Has he been throwing his millions, or is that billions, at becoming President? No, instead, his billions have bought him credibility, as he stands on the platform of ‘brilliant businessmen’. Not that everyone sees him in that light. Warren Buffett, who really is a brilliant businessman/investor, recently said that a monkey throwing darts could have made a better return than Trump from his investments.
As it happens, I think Mr Buffett is being unfair, because frankly he knows next to nothing about the ability of monkeys to throw darts. Now I am not saying that Mr Trump’s performance stands comparison with a monkey, but I suspect that if we were to research this more thoroughly, we would find that the monkey’s performance might have in fact been a lot better.
As it happens, the Trump presidential campaign has largely been funded by the public. In July, he raised around $82 million, largely through small donations. Trump himself has said that he has self-funded his campaign, although not everyone was impressed when it emerged that around $1.1 million was paid out to his family and business contacts. But some have suggested that an awful lot of the costs associated with his campaign have involved payments to his very own companies.
The New York Times quoted Paul S. Ryan, an expert on campaign finance with the US Legal Center, as saying that Trump “could end up turning a profit if he repaid himself for the campaign loans.” Adding: “He could get all his money back plus the profit margin for what his campaign has paid himself for goods and services.”
Back in the year 2000, Trump said: “It’s very possible that I could be the first presidential candidate to run and make money on it.” So, if that is so, then maybe he is a tad better at business than a monkey.
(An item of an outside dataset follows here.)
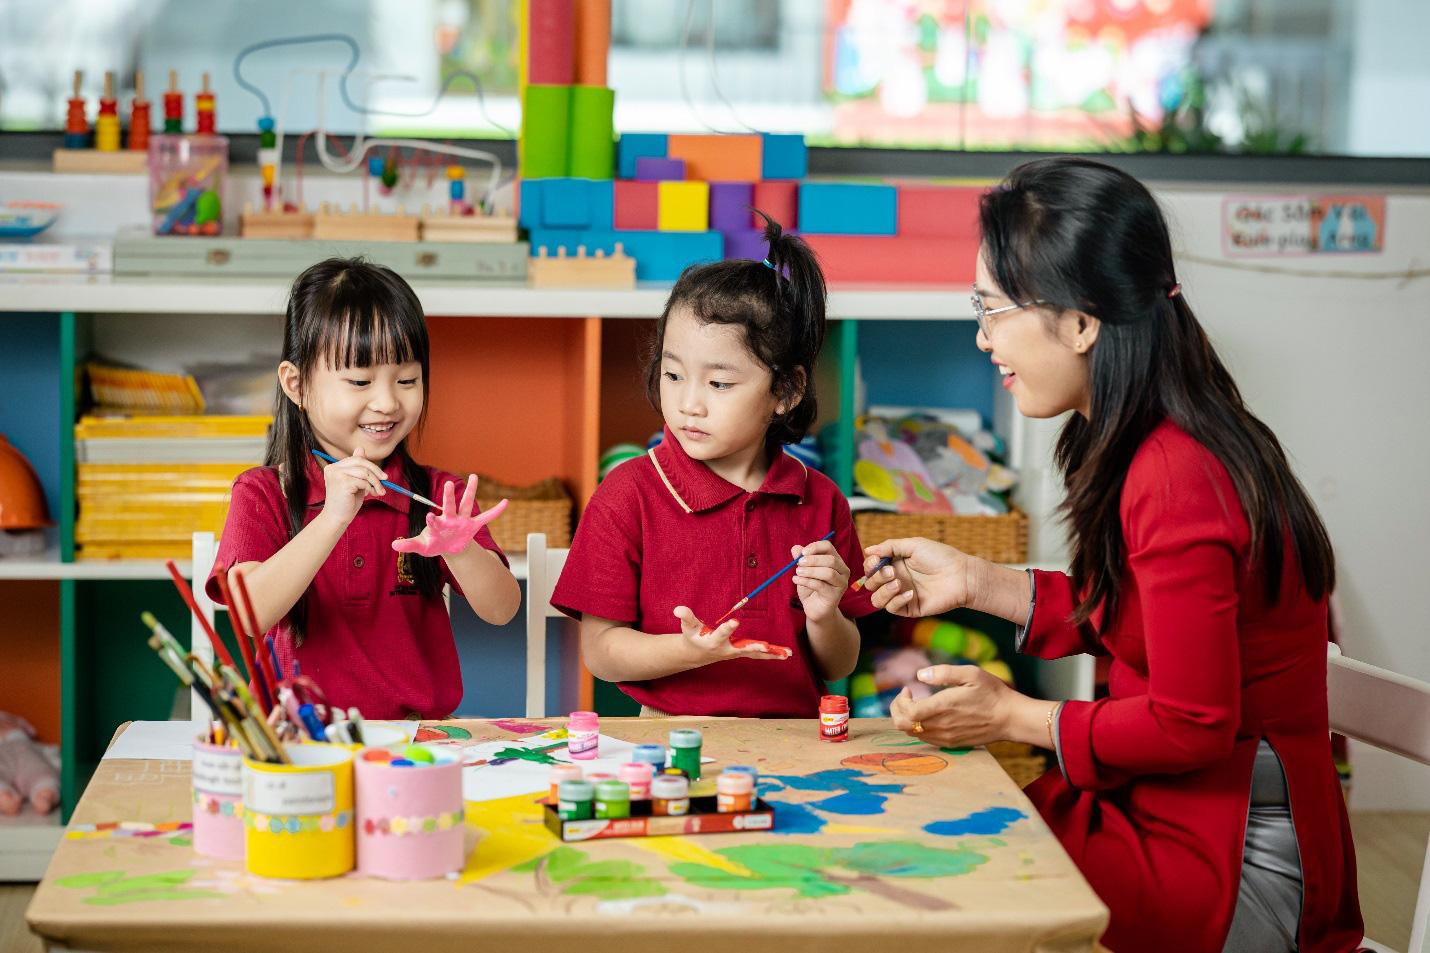 Thành công của trẻ đến từ sự gắn kết giữa nhà trường và gia đình - Ảnh 4.
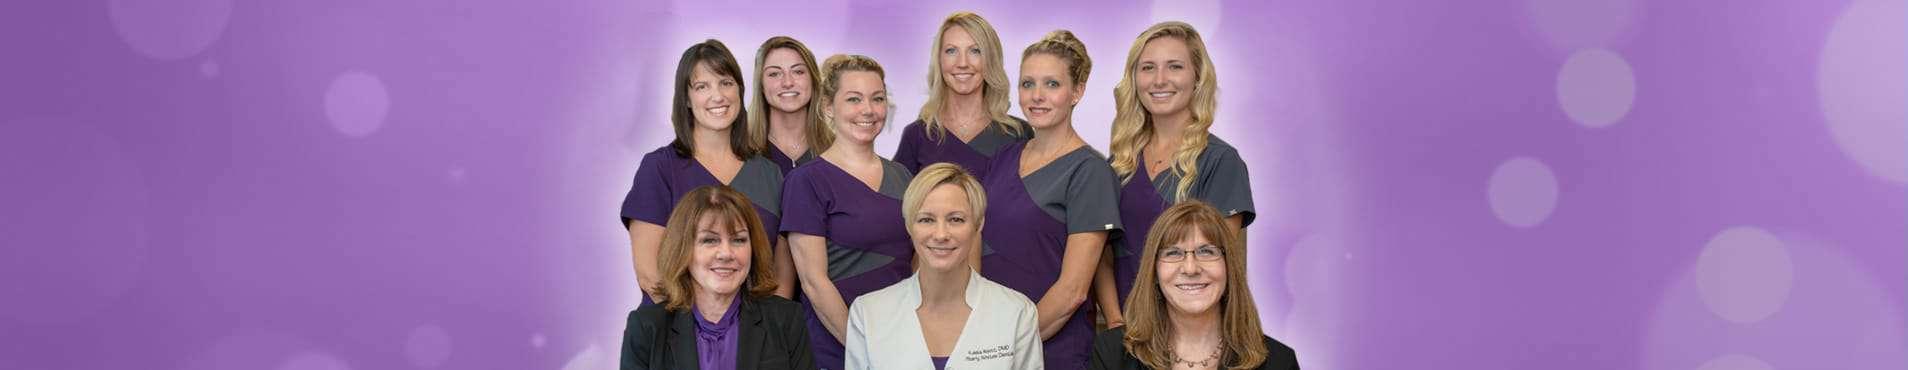 Dental Crowns Dentist Serving Newtown

On the other hand, I can exclusively reveal new research, carried out among members of my family, that not everyone is that keen on Trump, and furthermore, might be reluctant to stay at one of his hotels or play golf on one of his courses, if they could afford to do so, which in the case of my sample, they can’t. But, I have a high confidence level that similar conclusions might be drawn if research was carried out among those who have stayed at his ‘joints’ in the past.
Yes, he may be a hit with white, disenfranchised workers across the United States, but these people don’t tend to be consumers of Trump’s somewhat expensive golf clubs. Or stay at his hotels.
It turns out that bookings at Trump Hotels were down almost 60% in the first half of this year, this is based on research from Hipmunk, an online travel company, and looking at bookings across its sites.
Hipmunk said: “While overall Hipmunk hotel bookings have been on the rise year-over-year, that has not been the case with bookings of Trump Hotels.
It expanded slightly saying: “The share of bookings at Trump Hotels on Hipmunk as a percent of total hotel bookings are down, decreasing 58.46% compared to the same period last year.”
So this has left us with a number of imponderables.
Is Trump really better at darts than a monkey, and if so, can he apply his dart playing acumen to his lousy record as an investor?
Or, is he really trying to emulate Brewster, but blowing his fortune in a more-subtle way, by damaging his brand, by saying things that are not considered to be altogether politically acceptable?
Still, at least Clint Eastwood doesn’t appear to agree with the above view.
In an interview with Esquire magazine, the actor known for long lingering scenes in Sergio Leone movies, with Ennio Morricone music accompanying his close ups, said: “He's [that’s Trump] onto something because secretly everybody's getting tired of political correctness, kissing up . . . That's the kiss-ass generation we're in right now. We're really in a pussy generation. Everybody's walking on eggshells.” He continued: “We see people accusing people of being racist and all kinds of stuff. When I grew up, those things weren't called racist." (Clint, did you spend too much time with that monkey (orangutan) in ‘Every which way but loose’?)
Well, say one thing for Trump, he doesn’t walk on eggshells.